The idiopathic inflammatory myopathies (IIM) or briefly myositis is a heterogenous group of disorders where muscle weakness and inflammation in skeletal muscle tissue are predominating features but other organ involvement is common, such as skin, joints, lungs, gastrointestinal tract and heart. Treatment is based on a combination of pharmacological treatment in combination with physical exercise. However, treatment effect varies and may often be disappointing with persisting muscle weakness, muscle fatigue and low health related quality of life. Thus there is a high unmet need for new therapies and for this we need a better understanding on the molecular pathogenesis and this is likely to be different in different subsets.
Based on differences in clinical and histopathological features IIM has since long been subdivided into polymyositis, dermatomyositis and inclusion body myositis. This subclassification has several limitations as treatment response and prognosis varies within these subgroups. Furthermore, the varying treatment response suggests that there may be different pathogenic mechanisms in these different subgroups. During recent years several new myositis specific autoantibodies have been identified and they are associated with distinct clinical phenotypes and thus may be associated with differences in molecular pathways. Autoantibody profile is important in the clinic to alert for organ involvement such as interstitial lung disease (ILD) and malignancy. Autoantibodies may also predict treatment response.
Pharmacological treatment is based on high doses of glucocorticoids in combination with another immunosuppressive agent to improve the immunosuppressive effect and reduce the need of glucocorticoids. Most experts recommend methotrexate or azathioprine as first line treatment together with glucocorticoids, but other agents are also used with varying effect. New biologics such as anti-TNF therapies have had limited effect and even worsened inflammation in some cases. Treatment with the B- cell blocking agent rituximab has been more successful, but still with varying results. Presence of anti-Jo-1 or anti-Mi-2 antibodies seems to predict response. Interstitial lung disease (ILD) is a major risk factor for morbidity and mortality. Careful monitoring of pulmonary function is required in these patients As first line treatment for myositis associated ILD most experts recommend high doses of glucocorticoids in combination with pulse cyclophosphamide but controlled trials are lacking. Beneficial effect of rituximab on pulmonary function has been reported in case series but needs to be evaluated under controlled conditions.
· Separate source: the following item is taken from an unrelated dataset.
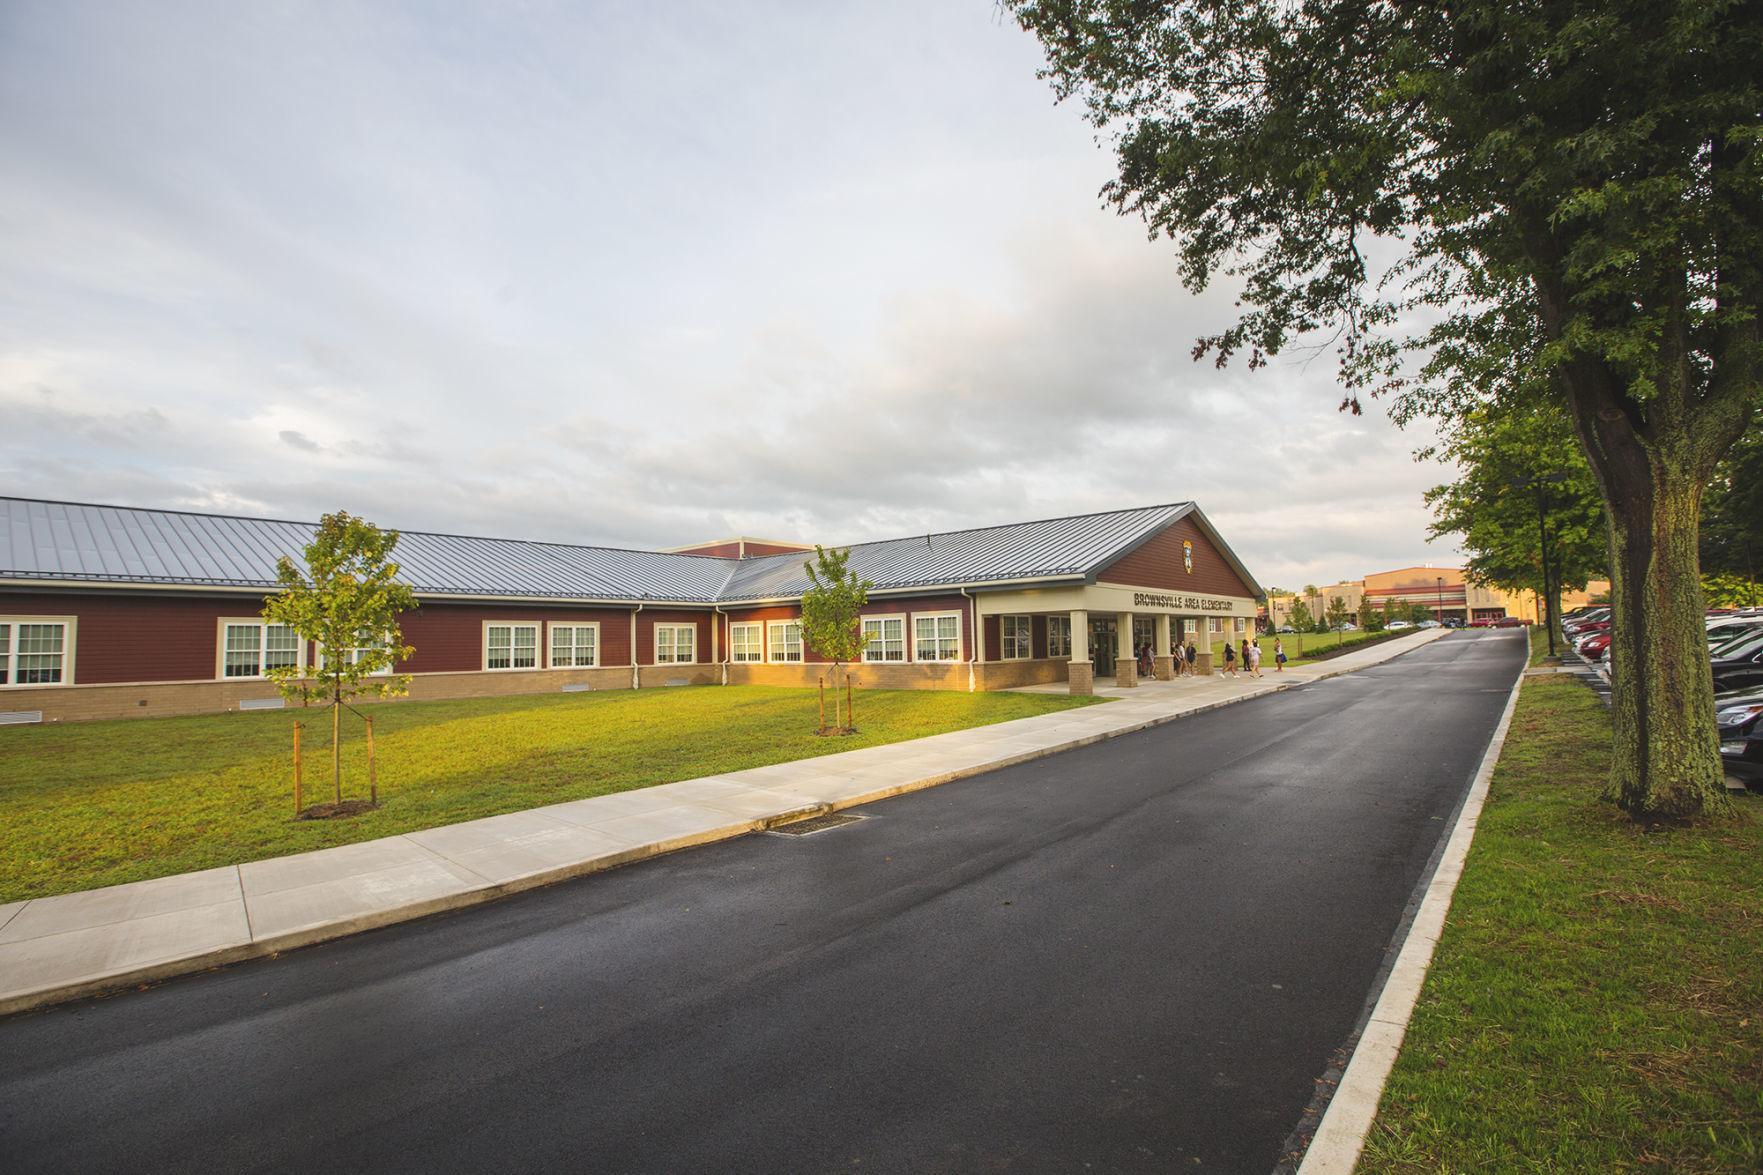 Brownsville Area Elementary School

Physical exercise in combination with immunosuppressive treatment is safe and has beneficial effects on muscle performance and health related quality of life. In addition, exercise has beneficial effects on muscle metabolism and may restore a disturbed mitochondrial function and may even have anti-inflammatory effects.
To learn more about which treatment should be preferred for a specific patient we need more knowledge on predictive markers. To achieve this an international collaboration where we collect validated clinical outcome data in a standardized way on a large number of patients will be important. This will be essential to analyze treatment effects in large enough homogenous subgroups. One such initiative is the Euromyositis register, www.euromyositis.eu. In addition, we need to perform controlled clinical trials in well-defined patient subgroups in large multi-center trials and we need to learn more about the pathogenesis of these diseases to develop new therapies.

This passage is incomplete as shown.